News Room - Steel Industry

Posted on 13 Jul 2022

Losses mount for China's BF mills in June

The struggles of China's blast-furnace steel producers worsened in June as finished steel prices slipped faster last month and squeezed their profit margins, according to Mysteel's latest monthly survey among 91 Chinese BF steel mills. The makers' finances suffered despite the decrease in the mills' production costs.

Last month, the average gross loss on rebar sales that the sampled steelmakers incurred was assessed at Yuan 317/tonne ($47.1/t), deepening by Yuan 249/t from that for May. In parallel, the average loss that mills were incurring selling hot-rolled coil (HRC) also increased to Yuan 261/t from the Yuan 15/t during the prior month.

The surveyed mills' profit margins on medium plate sales became negative as well in June, averaging Yuan 195/t, the survey found, as against the average profit of Yuan 47/t in May.

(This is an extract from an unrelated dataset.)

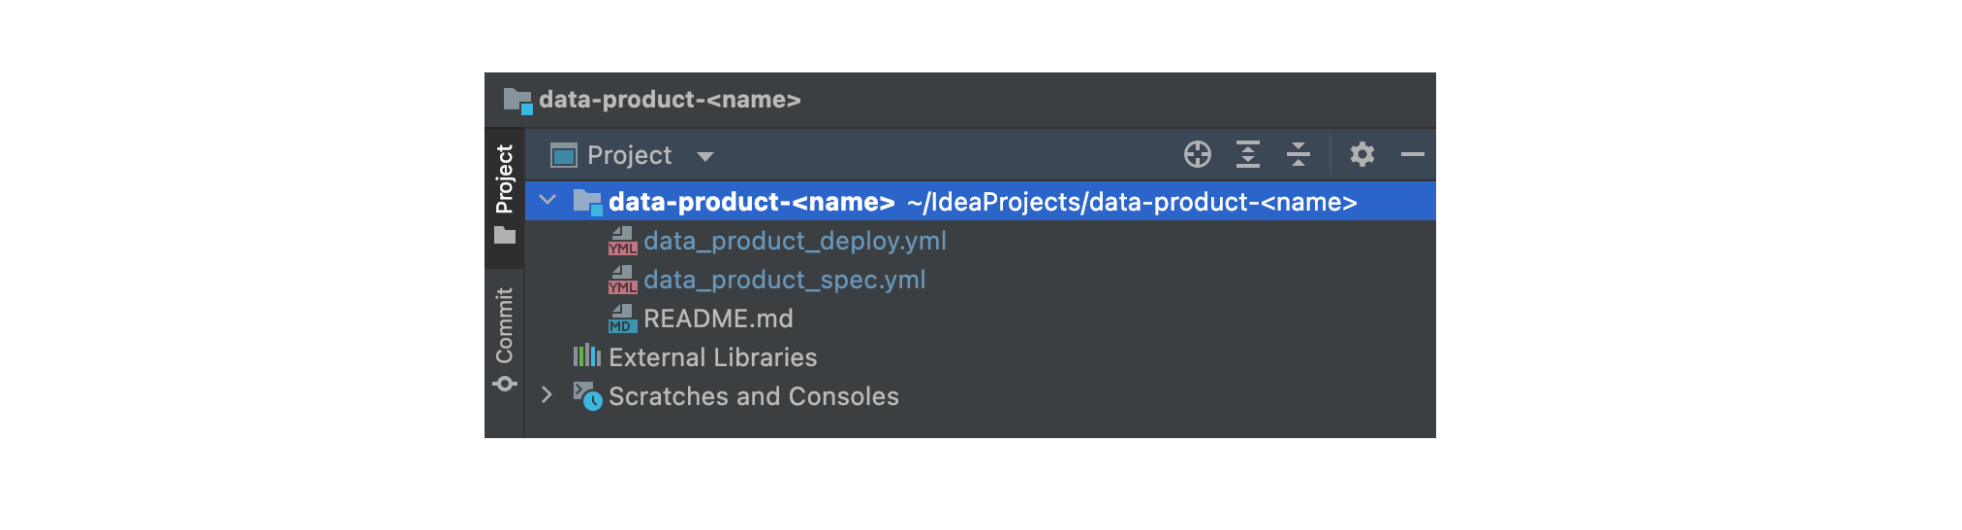 The data product repository has a starter/scaffold code with two important files data_product_spec.yml and data_product_deploy.yml.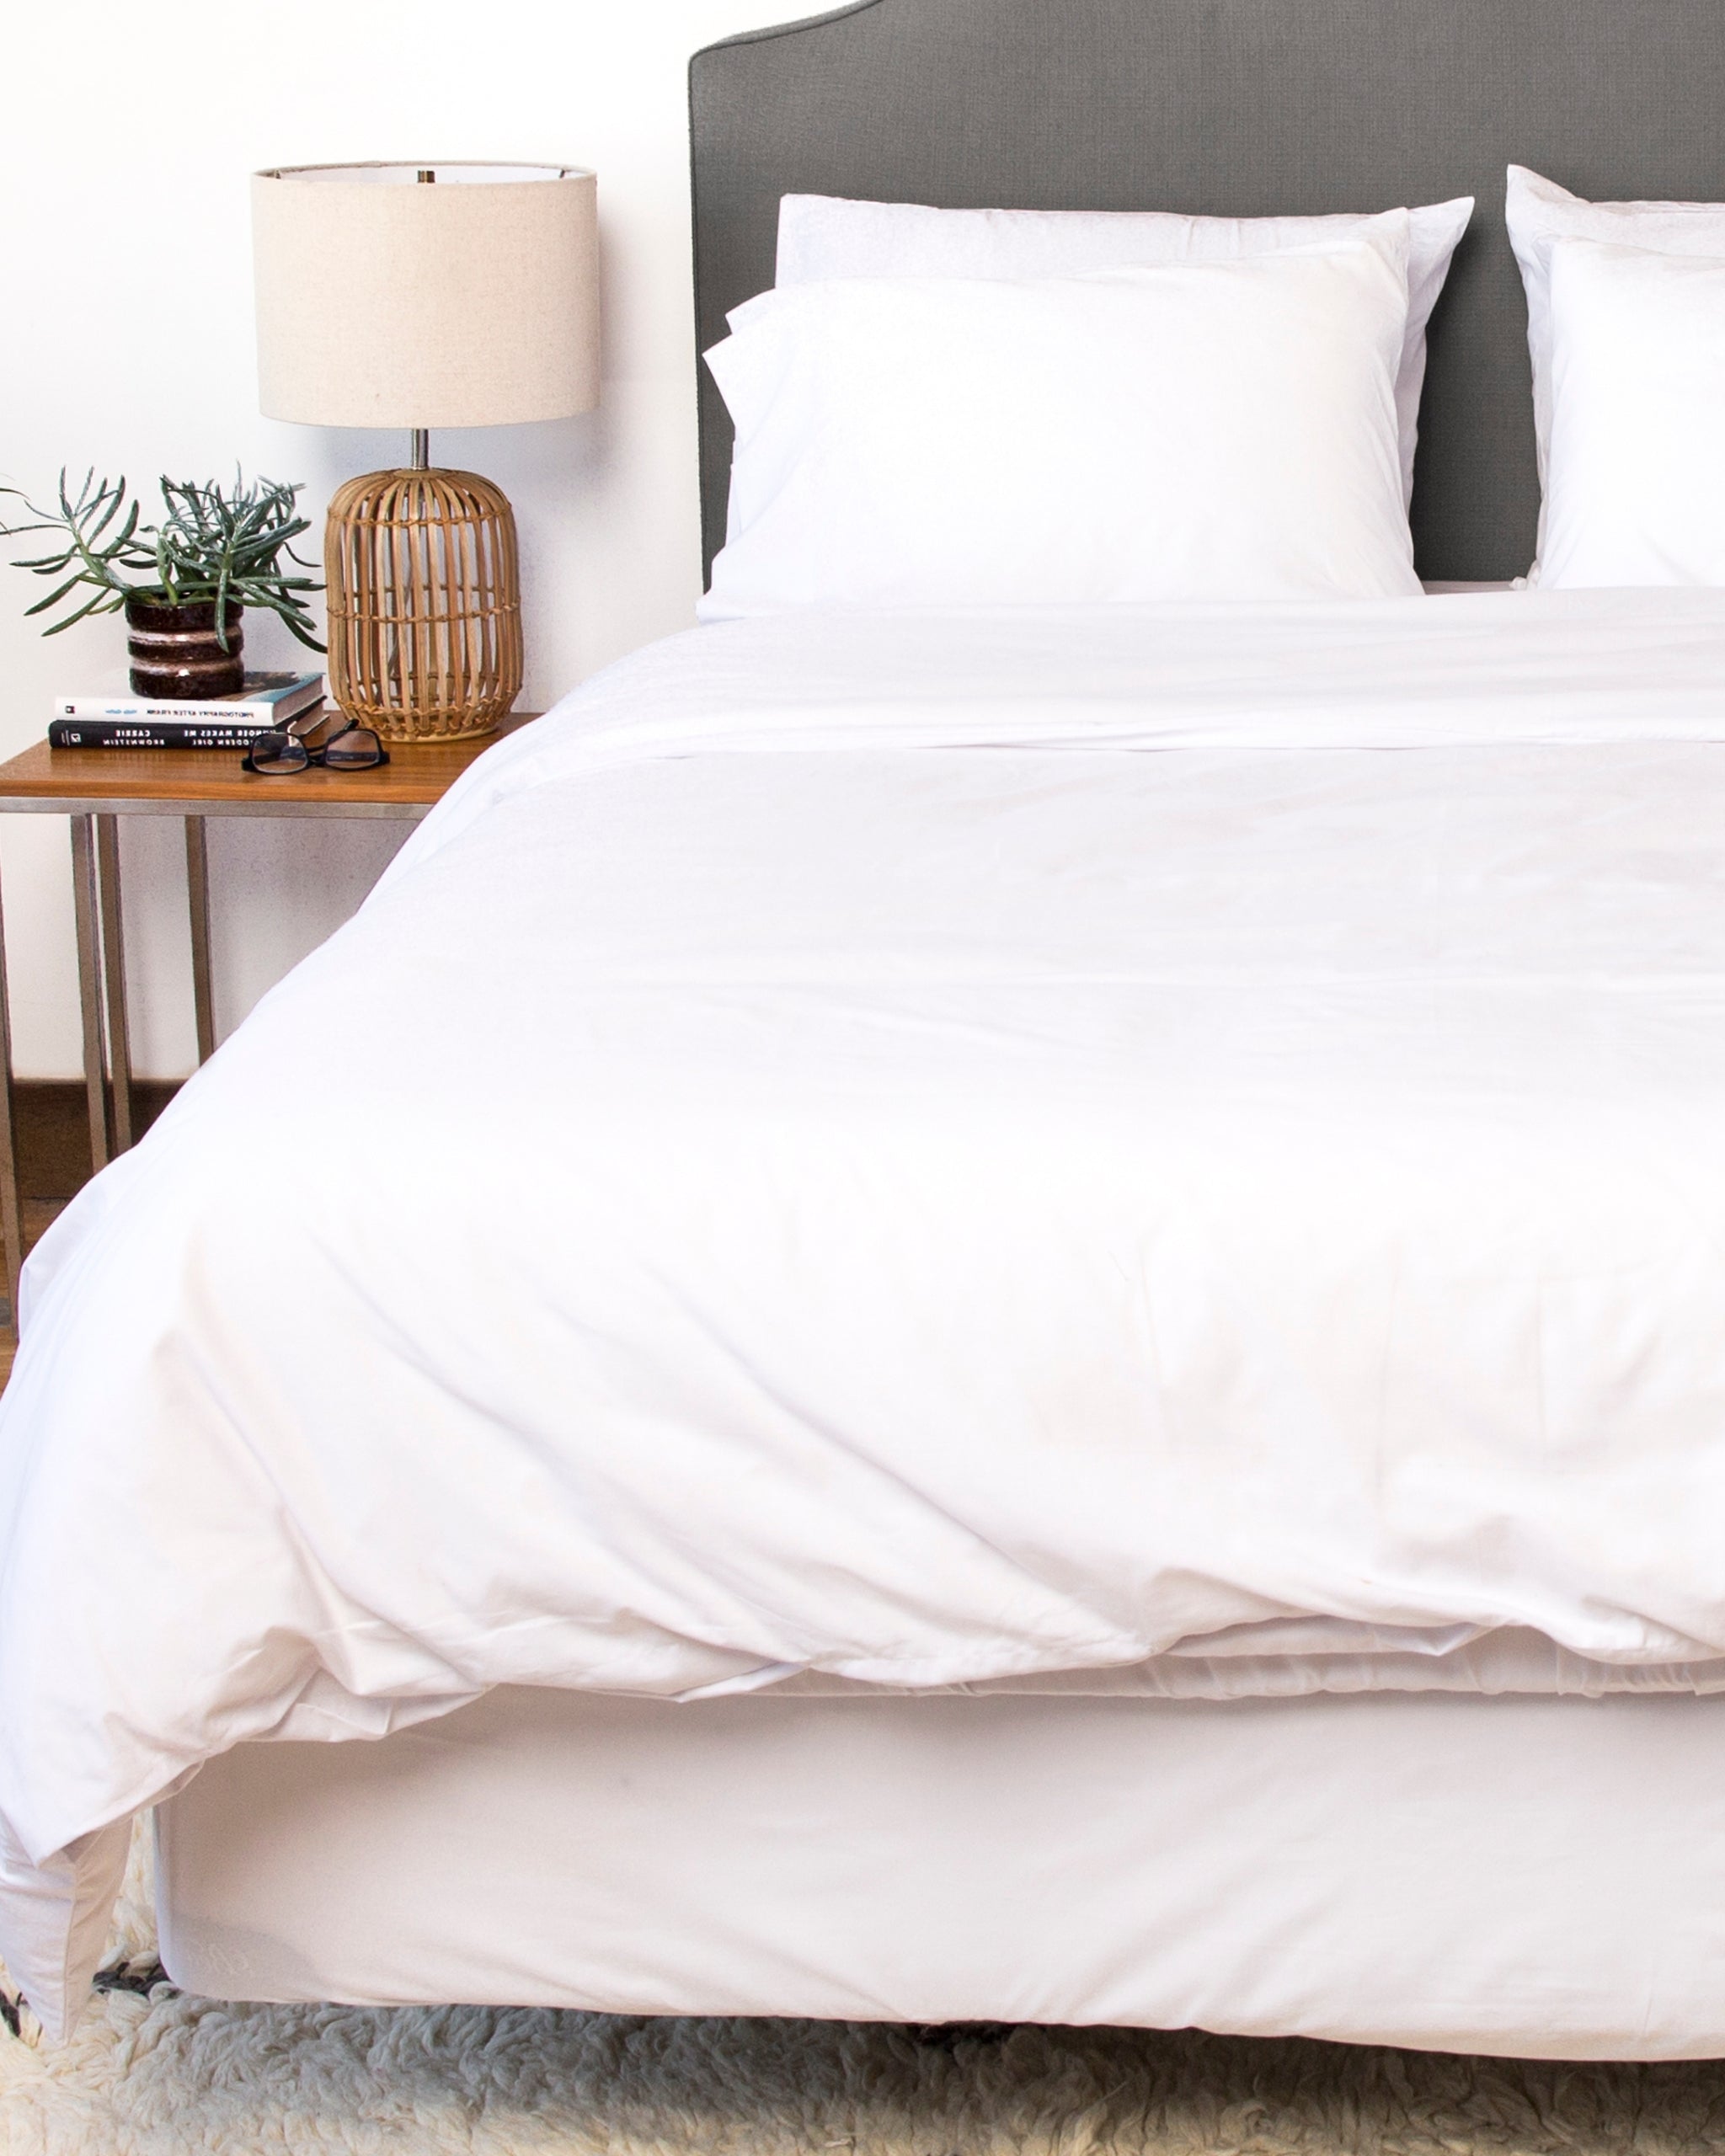 White cotton sheets and duvet cover on a bed.

The deeper overall loss was mainly blamed on the sharp fall in finished steel prices last month, as the recovery in demand from end-users was slower than market participants had expected, with the frequent heavy rains in southern China and high temperatures in northern China, Mysteel Global noted. Indeed, the easing of the COVID-19 restrictions and the lifting of lockdowns in Shanghai from the start of June failed to improve the mills' profitability.

For example, the national price of HRB400E 20mm dia rebar under Mysteel's assessment averaged Yuan 4,580/t including the 13% VAT in June, falling by Yuan 325/t from the previous month.

Last month, the daily trading volume of construction steel comprising rebar, wire rod and bar-in-coil among the 237 Chinese traders under Mysteel's tracking registered 155,960 tonnes/day on average, only up by 1,807 t/d from that for May.

Although BF mills' production costs also declined in June, thanks to the softening of major steelmaking raw materials prices, the decrease was small compared with the decline in finished steel prices, Mysteel Global learned.

For June, the costs for making molten iron among the 91 surveyed mills averaged Yuan 3,275/t excluding the 13% VAT, down for the second month by another Yuan 135/t or 4% on month.

Last month, Mysteel SEADEX 62% Australian Fines averaged $130/dmt CFR Qingdao, lower by $3/t from the May average, while the price of class 2 metallurgical coke in North China dropped by Yuan 283/t on month to average Yuan 3,276/t, according to the survey.